Two aspects of Diane Tolomeo's review of Northrop Frye's Creation and Recreation in English Studies in Canada (June 1982, 245-48) call for comment. The first is a matter of naivety; the second, of scholarship.

One reads with surprise that Professor Frye's approach to much of the Bible as myth “will undoubtedly be offensive to some, who will not find it easy to agree with such assertions as: 'it is only when the creation story is considered factually false that it can be of any conceivable use to us.'” Dr. Tolomeo's remark belongs, I suspect, to that interesting category of self-evident truths which it is the duty of every responsible academic either to ignore, or to attempt to change. This book will indeed be read by some fundamentalists and born-again (recreated?) Creationists, and that such people will find parts of it disturbing is much to Frye's credit. It is, however, strange to find this predictable reaction presented as though it constituted a criticism of the book. Surely if one is going to take note of the reactions of people who are unaware of the most basic conclusions of modern biblical scholarship, it should be with the intention not of flattering their ignorance, but removing it.
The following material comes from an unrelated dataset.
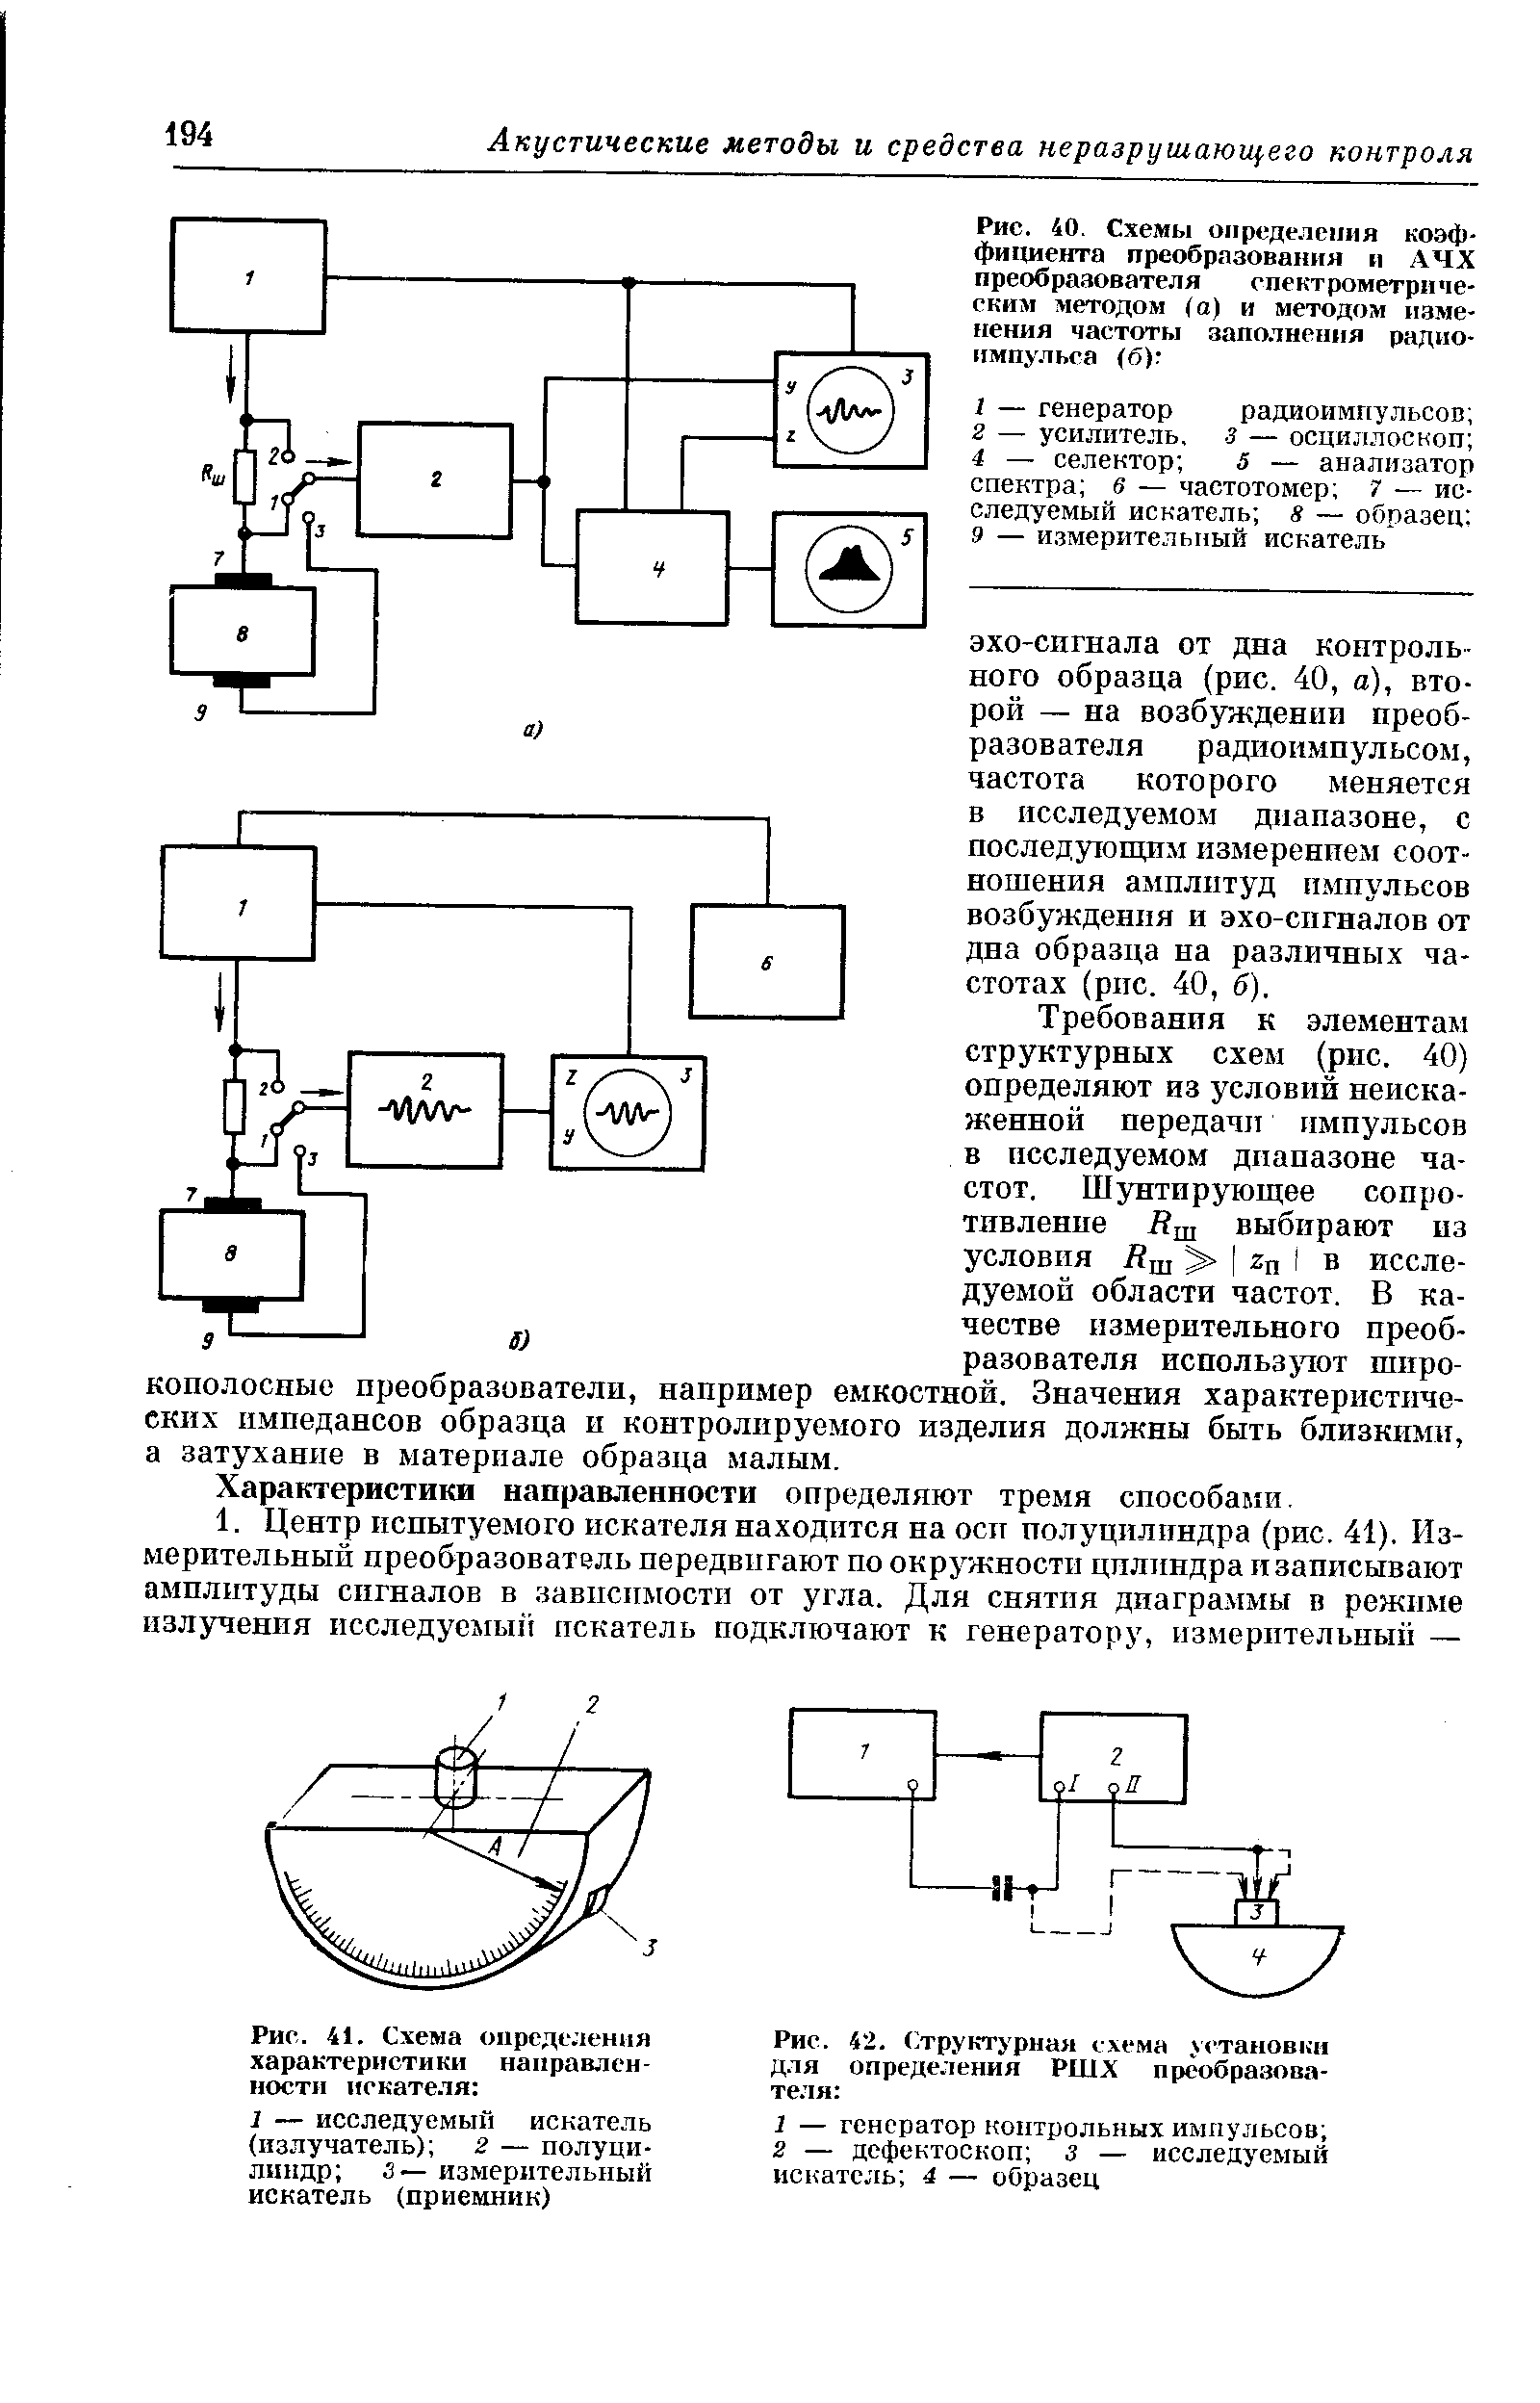 Рис. 42. (Структурная схема установки для определения РШХ преобразова-те 1я

I hasten to add that I share many of Dr. Tolomeo's reservations about this book, which seems at times a distinctly offhand performance; and I also have further reservations of my own. But the reviewer who (to borrow Dr. Tolomeo's disarming image) throws pebbles, after due hesitation, “at one of the giants of literary criticism,” has a certain obligation, given so large a target, to ensure that they hit it.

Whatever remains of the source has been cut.